Selain di Mandiracan, penyakit ini mewabah di Linggarjati dan sekitar Kota Cirebon lainnya. Karena penyebarannya yang terbilang cepat, akhirnya peristiwa ini menelan korban jiwa yang terbilang hebat.
Wabah Tifus di Cirebon dan Persebarannya Tahun 1911
Keresahan wabah tifus yang terjadi di Mandirancan, Linggarjati dan Kota Cirebon, berawal dari kabar kematian warga Tegal dan Sukabumi yang menderita penyakit tifus. Korban disebutkan sempat mengonsumsi es dari pabrik yang dikelola orang Cina di Mandirancan.
Hal itu disebutkan dalam Het Nieuws van den dag Voor Nederlandsch Indie. Sebuah surat kabar yang diterbitkan 10 Februari 1913. Keterangan tersebut kemudian dikutip Imas Emalia dalam jurnal sejarah berjudul “Wabah Typhus di Cirebon Masa Hindia Belanda: Kebijakan Pemerintah dan Solusi Sehat Masyarakat”.
Baca Juga: Menak Sunda Kelompok Partai Rakjat Pasundan Pernah Menolak NKRI
Surat kabar Bataviaasch Nieuwsblad, I Februari 1921, menyebutkan bahwa wabah tifus di salah satu kota di Jawa Barat ini sudah terjadi pada tahun 1911. Bahkan surat kabar tersebut menambahkan, wabah tifus ini semakin menyebar sepanjang tahun 1913.
Korban wabah tifus di Cirebon yang paling banyak berasal dari para pekerja perkebunan dan beberapa kuli yang tinggal di pinggiran kota.
Berdasarkan keterangan tersebut, diterangkan mengapa wabah tifus menyebar cepat di kota tersebut, hal ini disebabkan oleh keadaan sanitasi kota yang cenderung kumuh.
Penduduk kota Cirebon sering mengeluhkan lingkungan kota yang kurang pancaran cahaya matahari. Selain itu, tidak ada tempat pembuangan kotoran yang memadai. Sedangkan posisi sumur sebagai sumber air bagi penduduk juga berdekatan dengan got.
Pabrik Es Diperiksa Tim Kesehatan Pemerintah Hindia Belanda
Dikutip dari catatan yang sama, tim kesehatan pemerintah Hindia Belanda menyelidiki pabrik es yang diduga menjadi sarang penyebaran wabah tifus di Cirebon.
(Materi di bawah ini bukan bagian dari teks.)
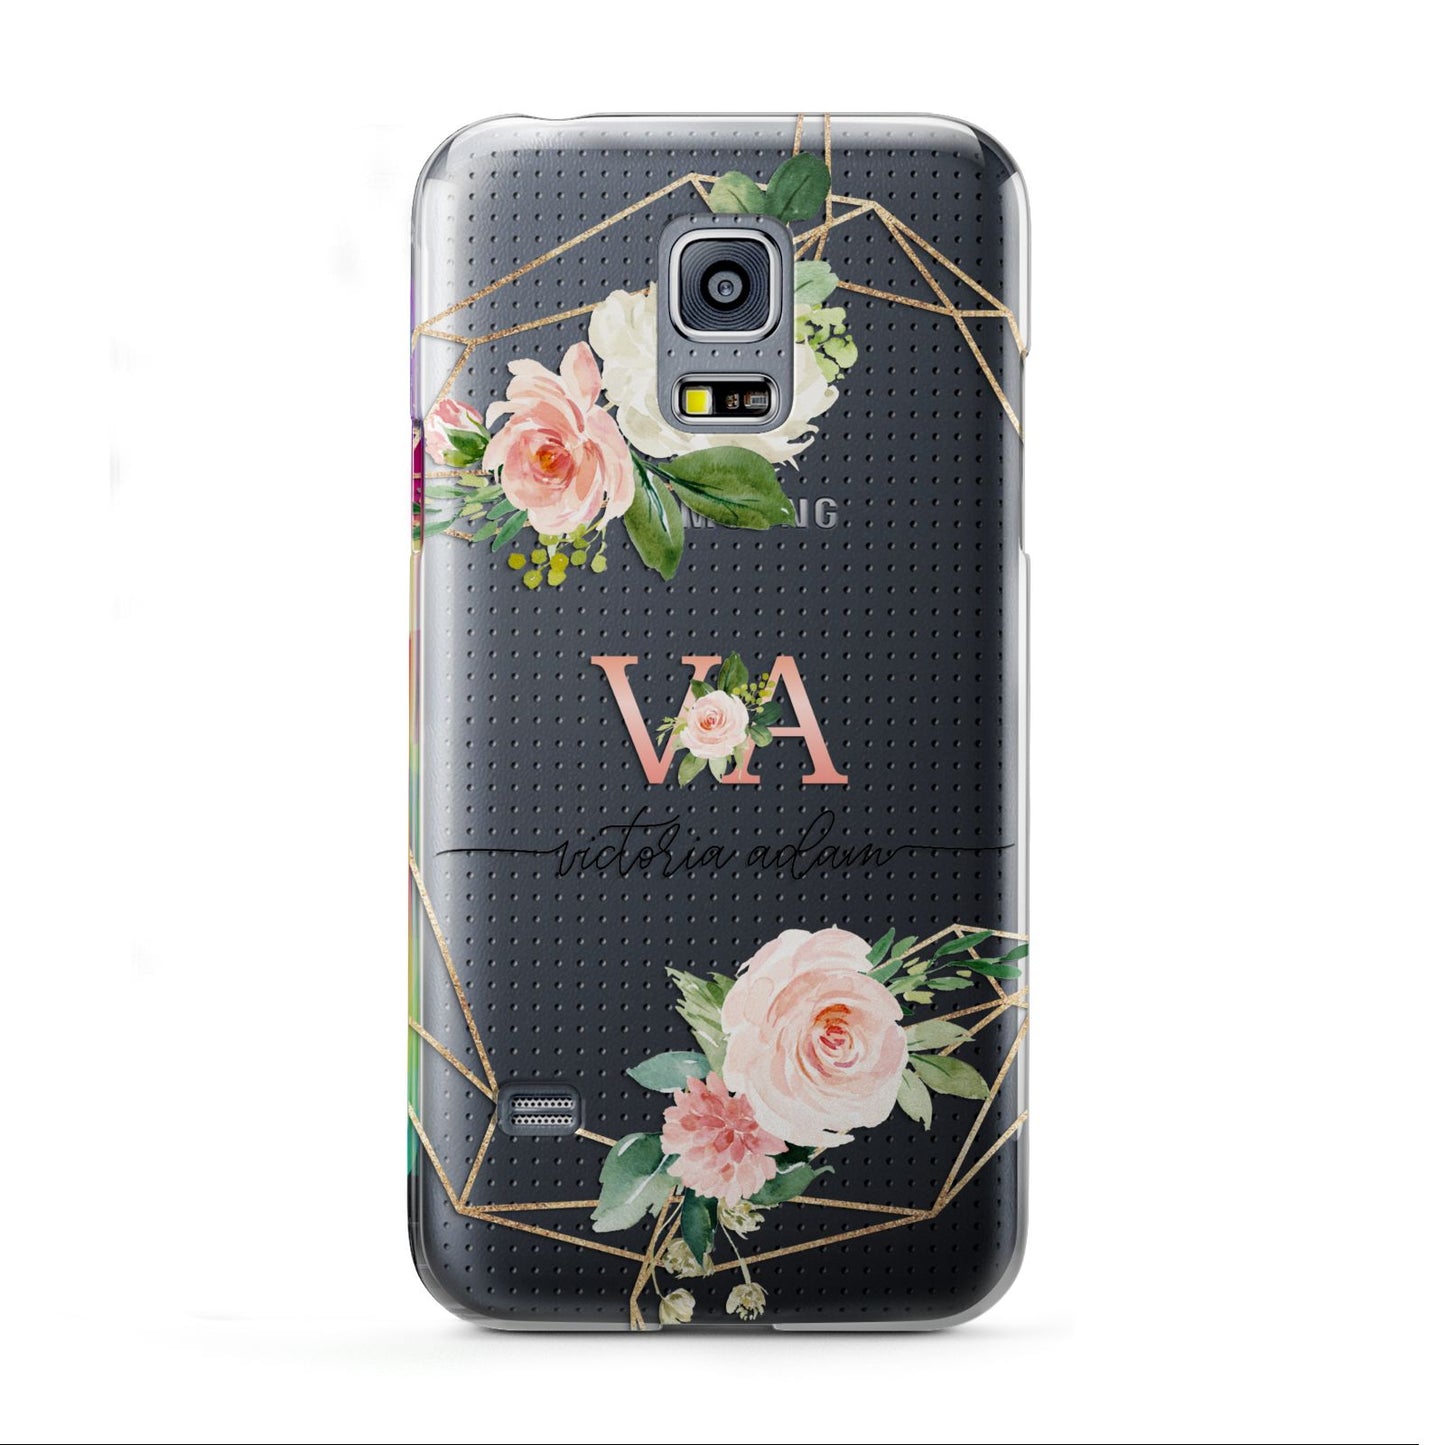 Blush Pink Rose Floral Personalised Samsung Galaxy S5 Mini Case

Pemerintah kota bersama Dienst de Volkgezondheid (DVG) atau Dinas Kesehatan Tingkat Kota melakukan penyelidikan proses pembuatan es di Mandirancan.
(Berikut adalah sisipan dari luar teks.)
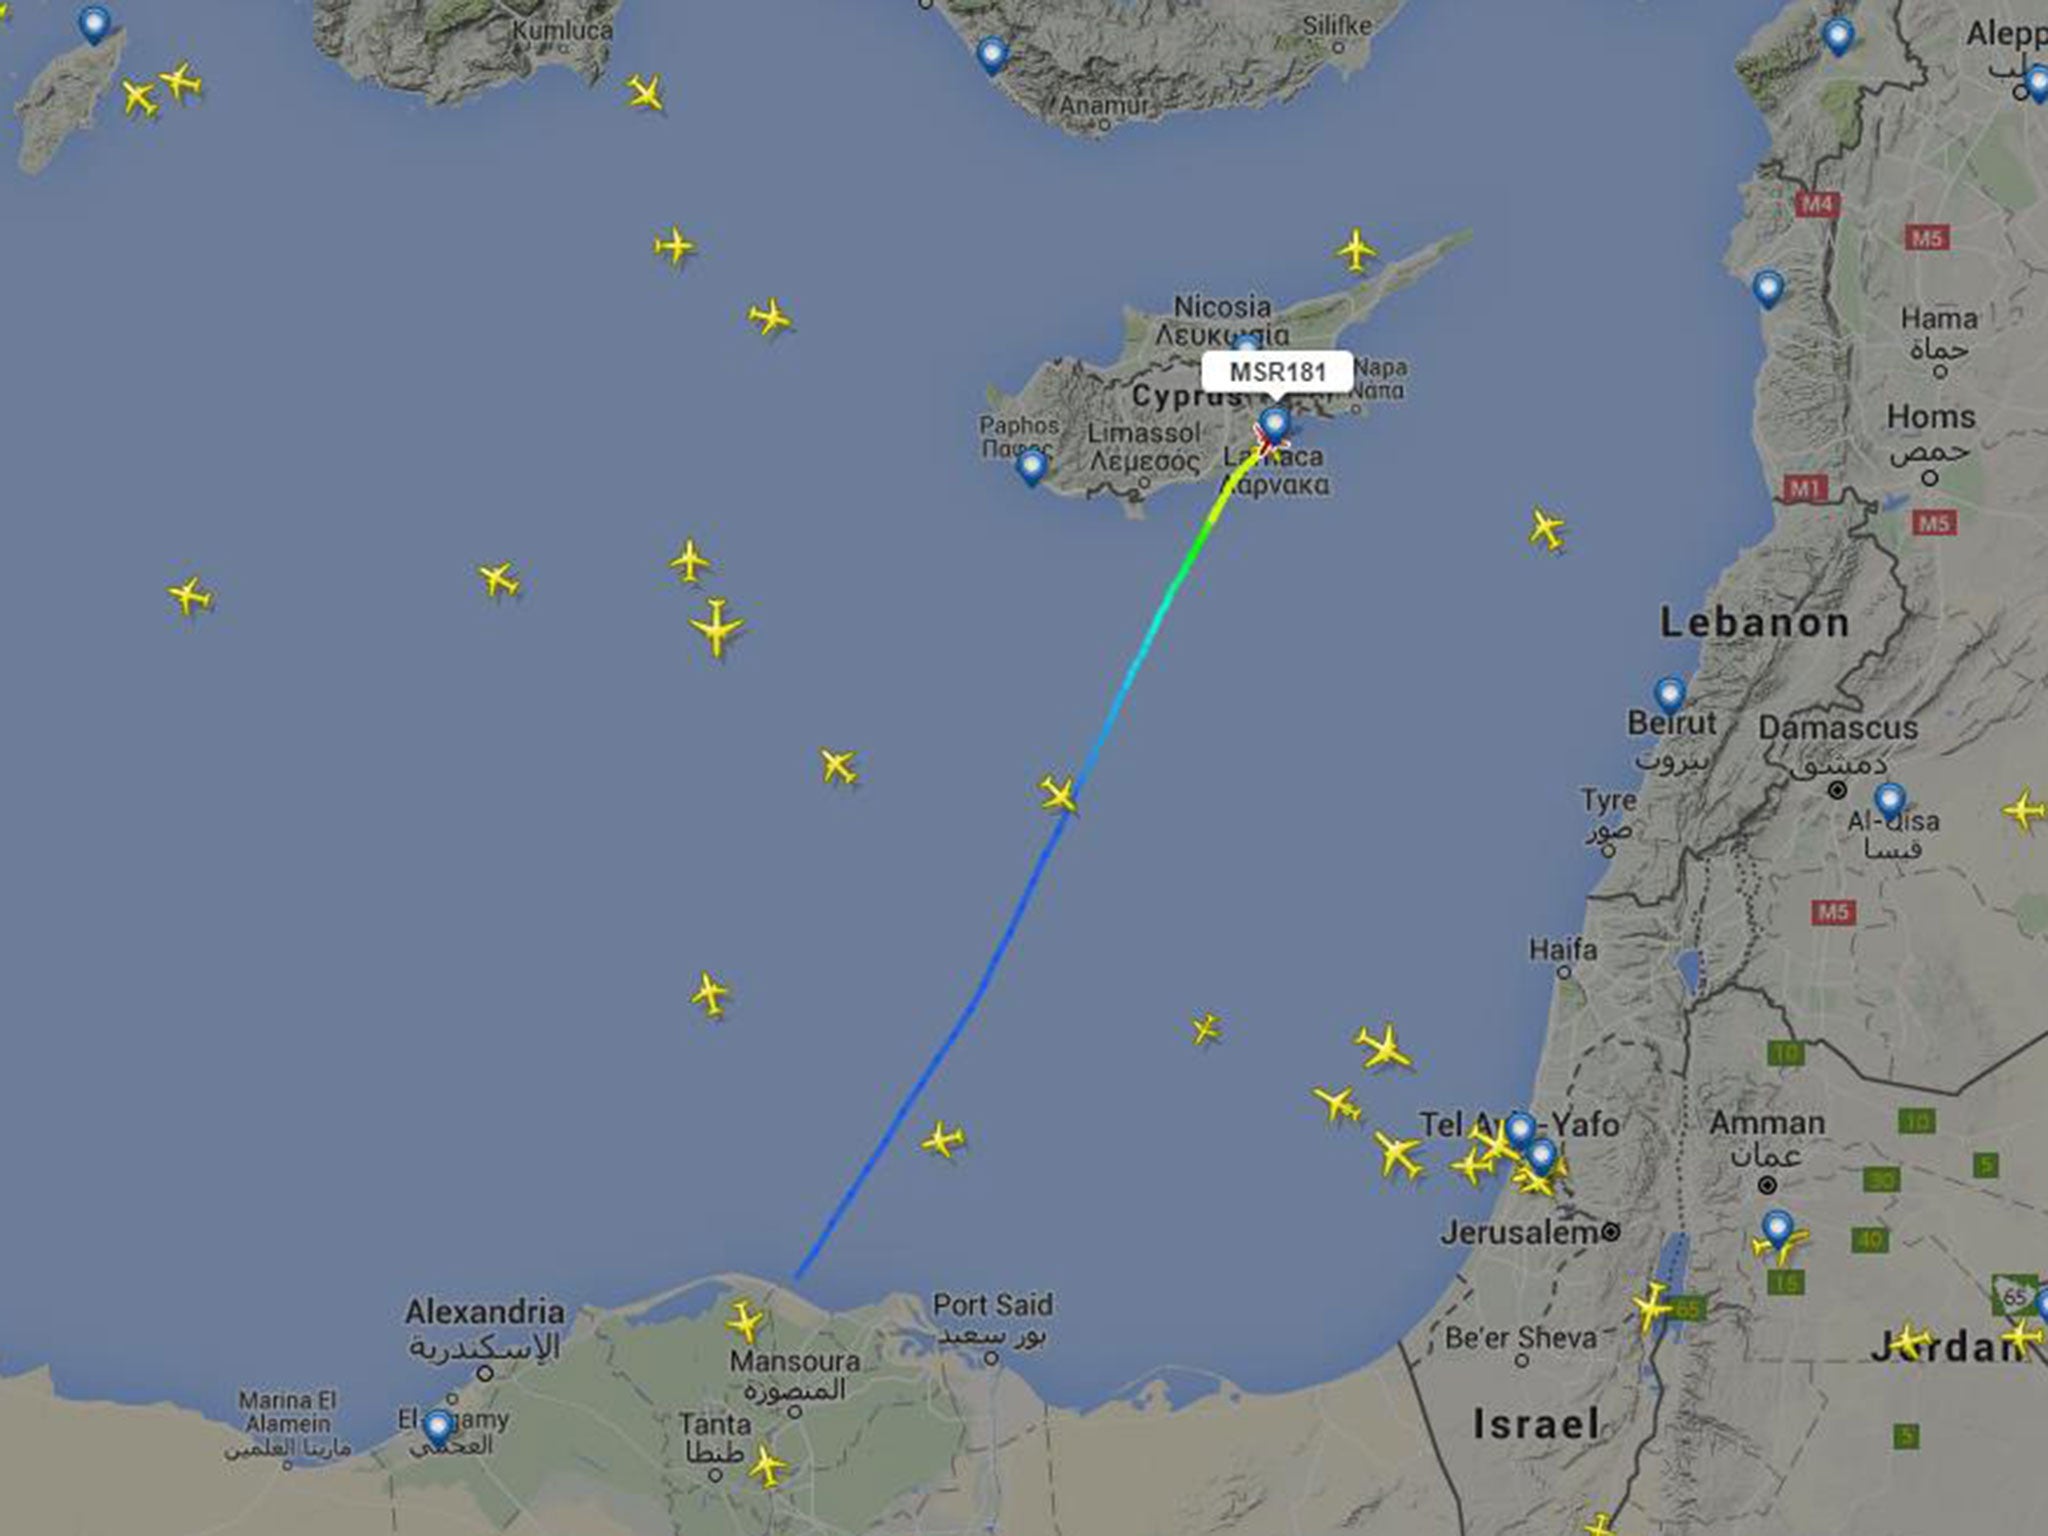 The recorded flight path of EgyptAir flight 181 showed it landing in Cyprus

Adapun beberapa dugaan yang ditemukan antara lain, pabrik es tersebut menggunakan bahan baku pembuatan es dari air mentah yang terkontaminasi. Selain itu, terdapat pula kadar zat bahan pengawet es yang berbahaya.
Disebutkan Imas dalam bukunya, dokter Grijn adalah direktur laboratorium kedokteran di Batavia yang memimpin langsung penyelidikan tersebut.
Akan tetapi menurut keterangan lebih lanjut, hasil penyelidikan yang dilakukan tidak menunjukan adanya bukti bahwa pabrik es jadi sarang wabah tifus di Cirebon.
Sementara pada bulan Agustus 1913, pemerintah mengumumkan hasil dari penyelidikan itu. Pemerintah menyebut tidak ditemukan adanya kesalahan dalam proses pembuatan es di pabrik tersebut. Dinas kesehatan pemerintah juga telah memastikan tidak ada zat pengawet yang berbahaya pada es.
Baca juga: Gedung British American Tobacco Kota Cirebon Jawa Barat
Hal ini berimbas negatif terhadap pabrik es, pemilik pabrik mengalami kerugian besar selama dua tahun berturut-turut. Apalagi pemerintah juga menutup usaha dagang es sebagai upaya pencegahan atas wabah tifus.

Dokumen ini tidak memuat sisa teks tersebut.